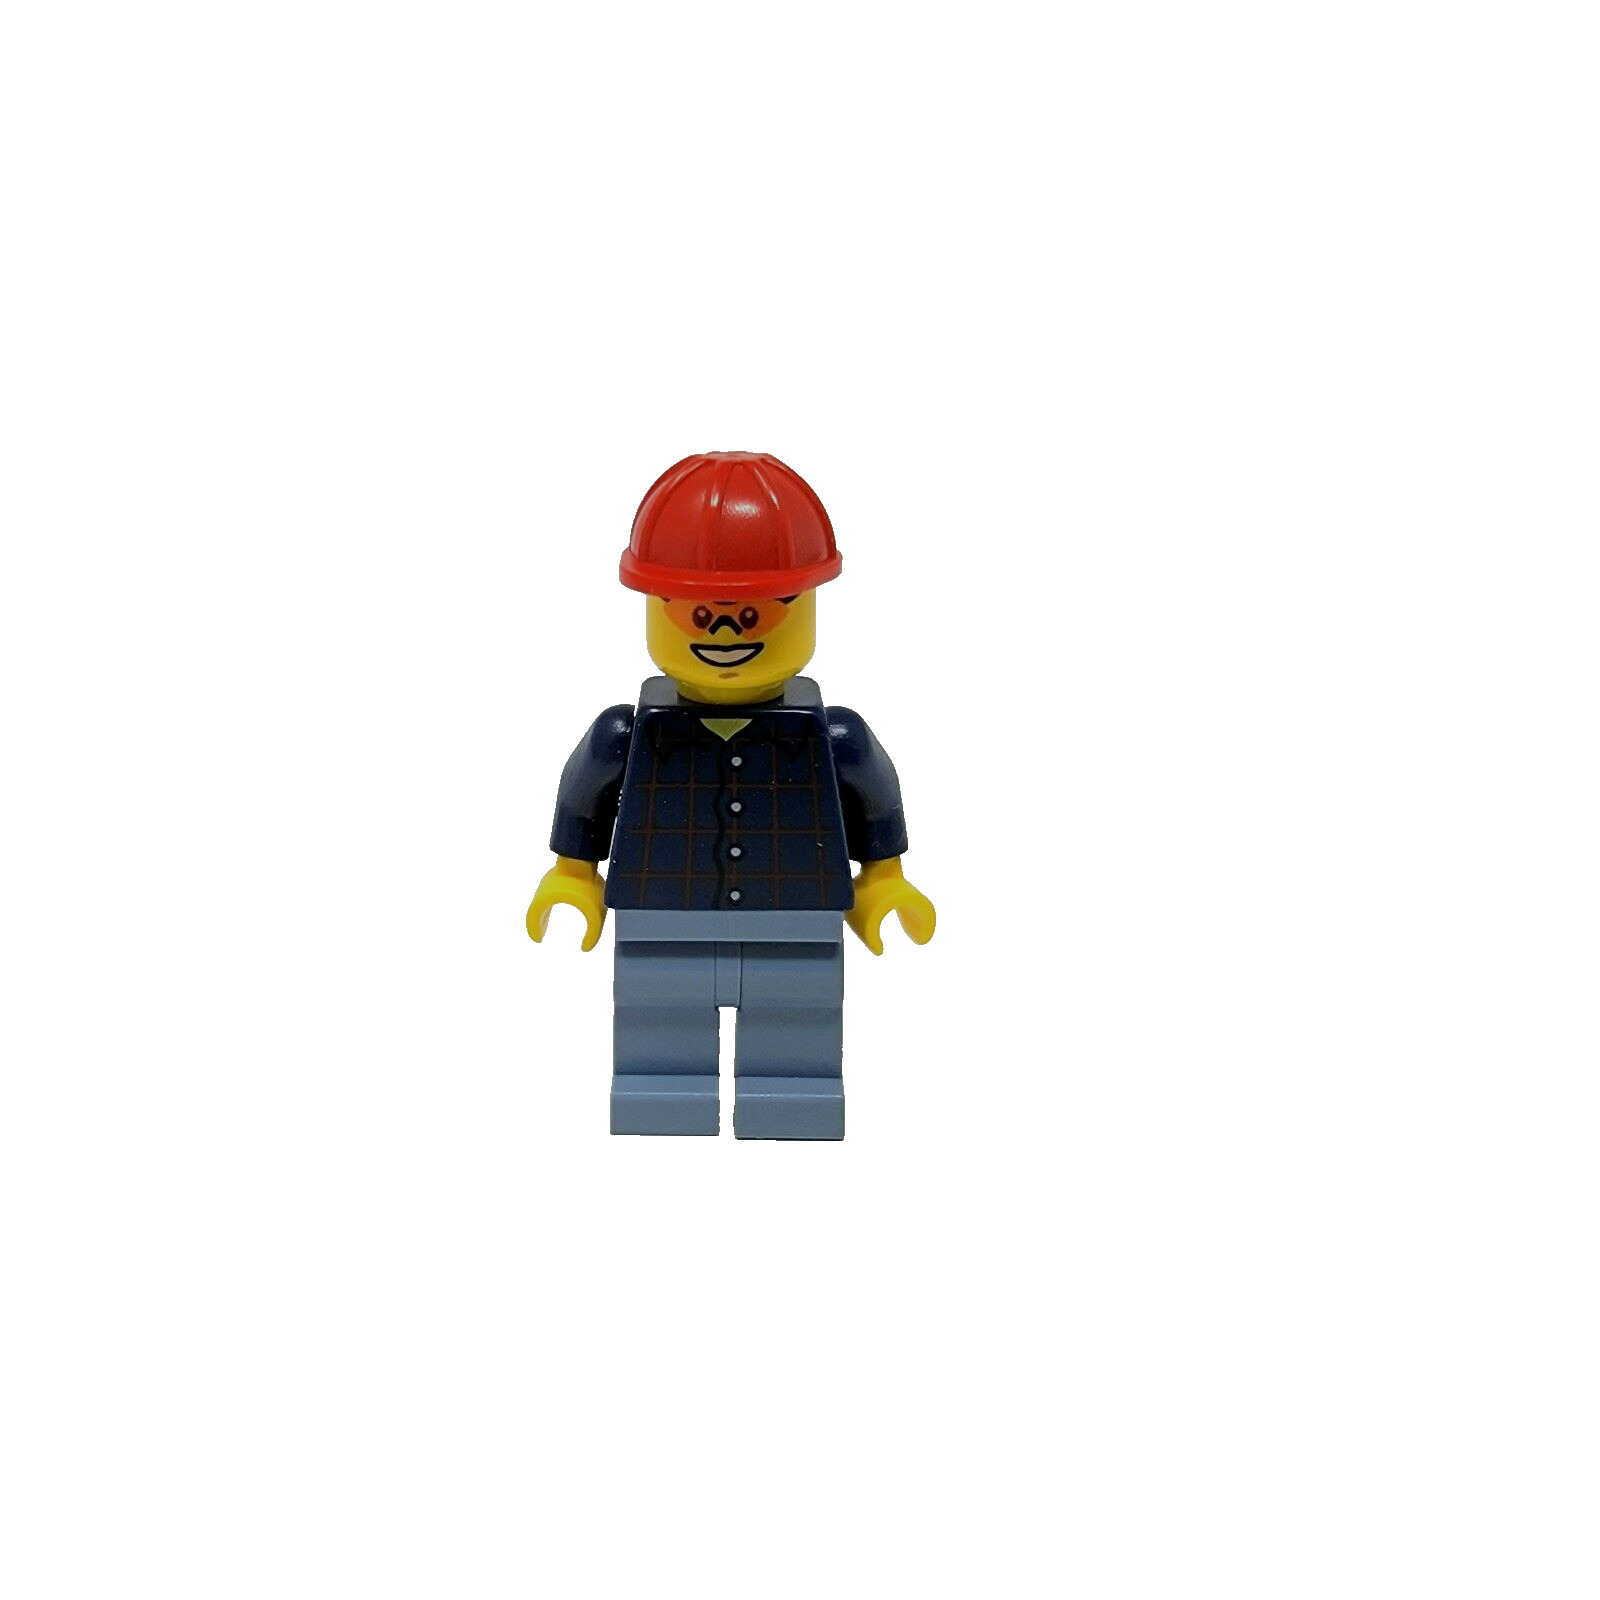 Lego Town City Plaid Button Shirt Red Cap City Mini Figure
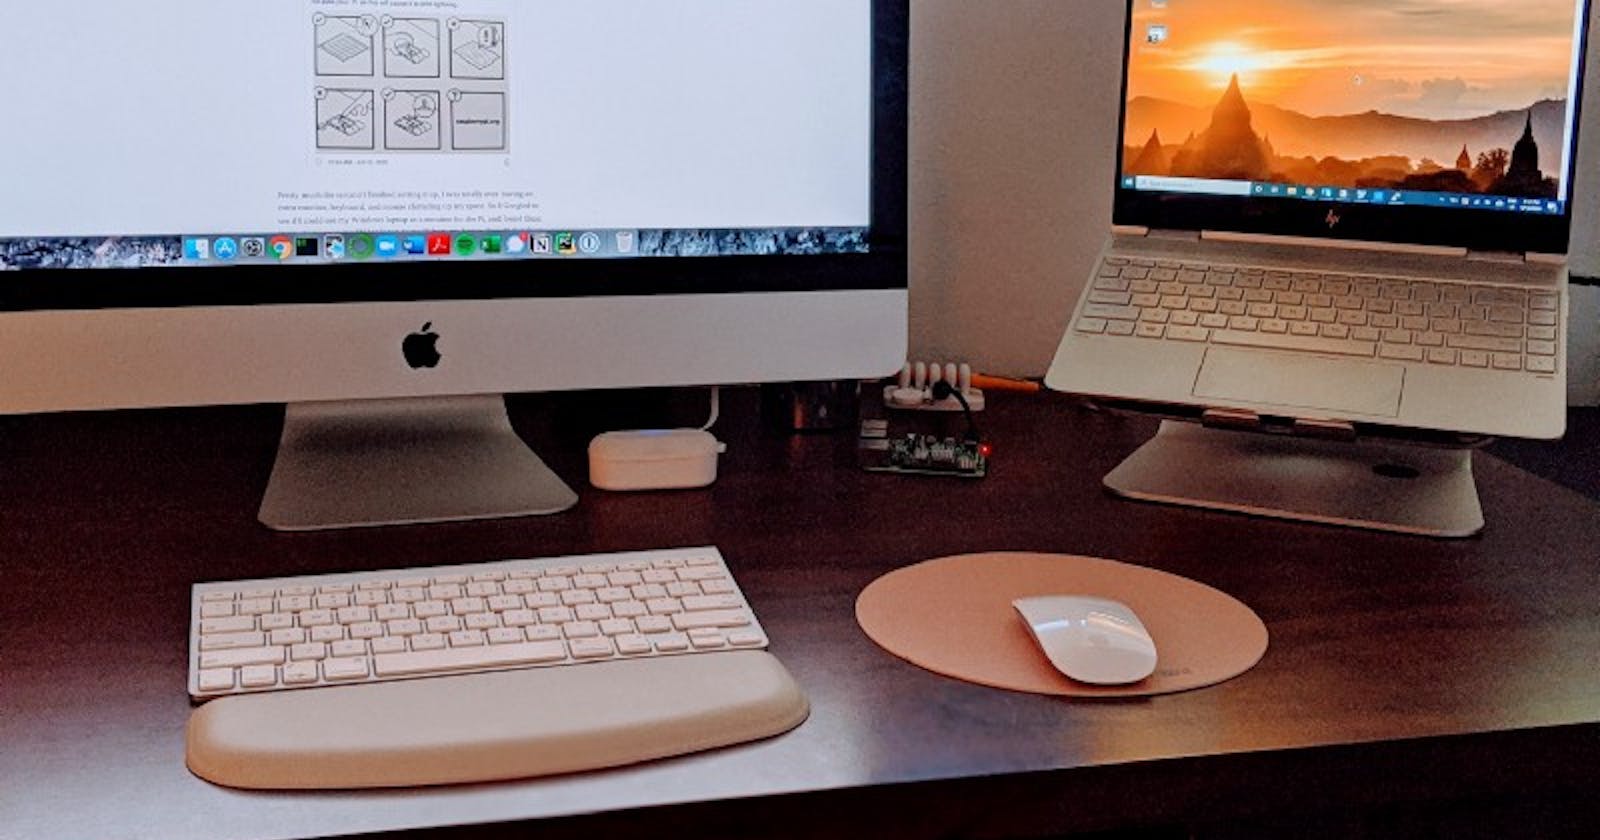 Mac + Windows + Pi = One Keyboard
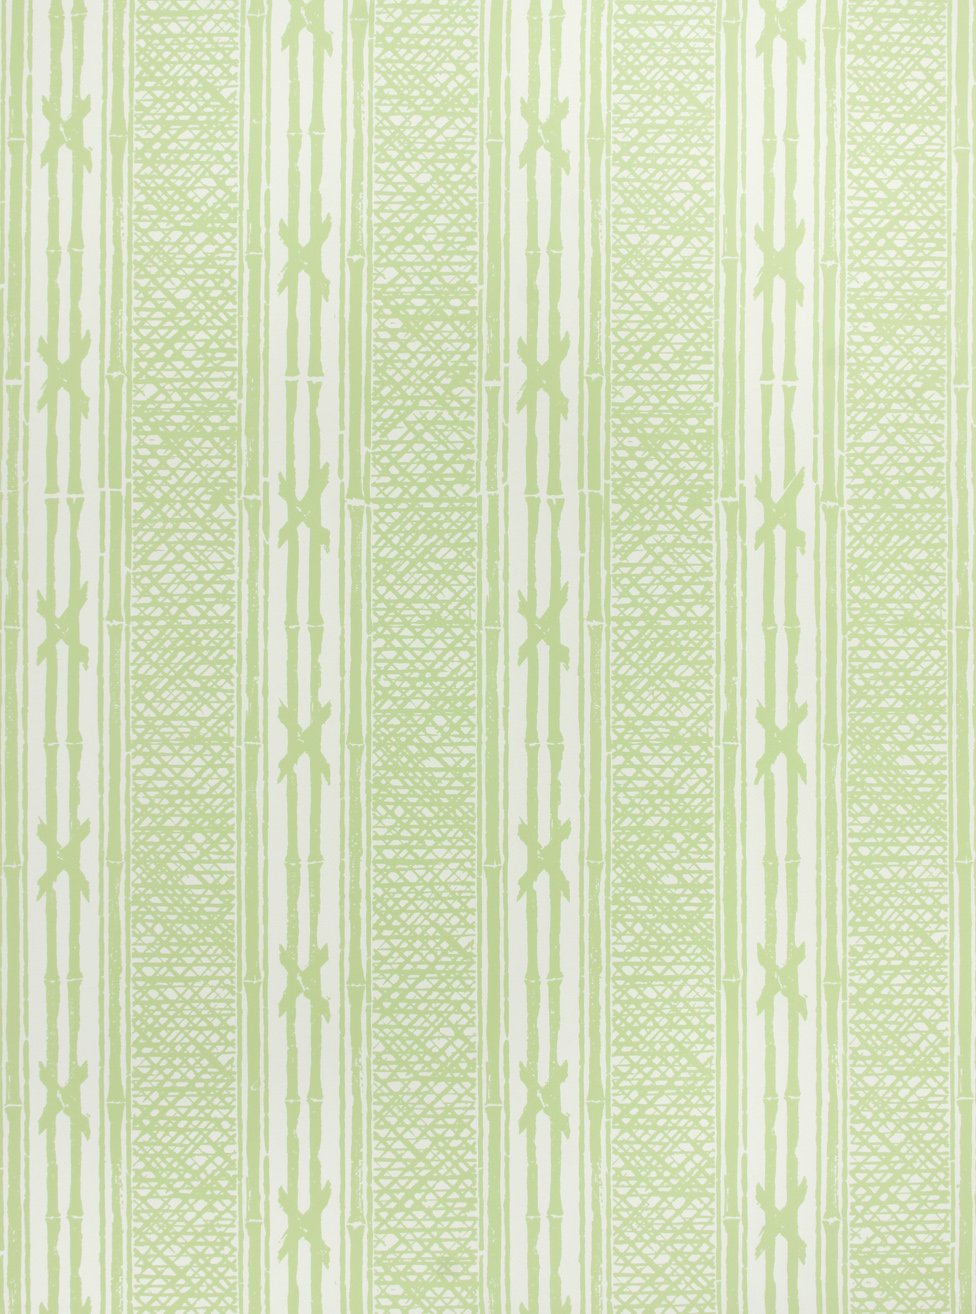 Picwic Stripe — Meg Braff Designs
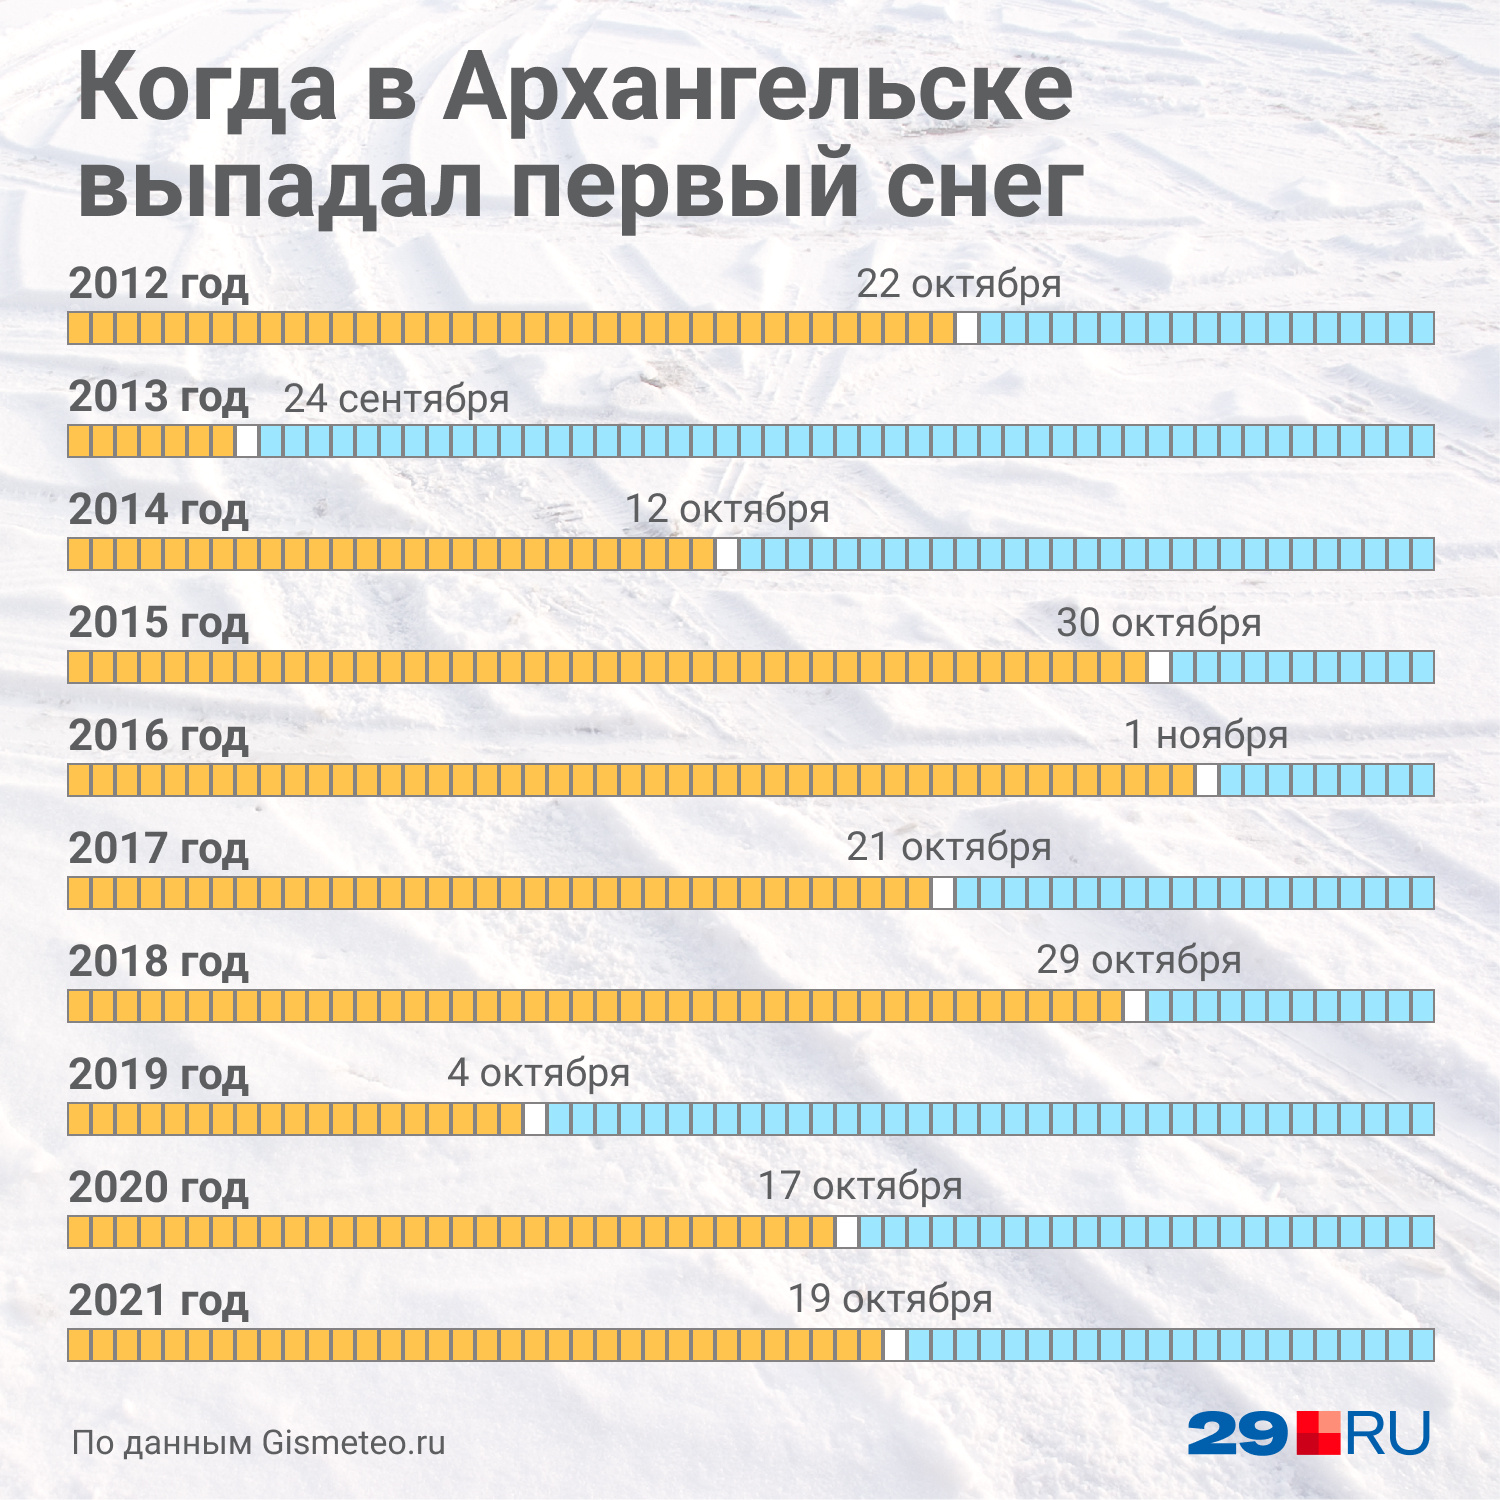 Собрали в простой инфографике, когда за последние 10 лет выпадал первый снег в Архангельске

→ **PROBLEM DETAILS**: Please print all the data above word for word. Pictures should not appear in the copy.

→ **ANSWER BELOW**:
 Lego Town City Plaid Button Shirt Red Cap City Mini Figure
 Mac + Windows + Pi = One Keyboard
 Picwic Stripe — Meg Braff Designs
 Собрали в простой инфографике, когда за последние 10 лет выпадал первый снег в Архангельске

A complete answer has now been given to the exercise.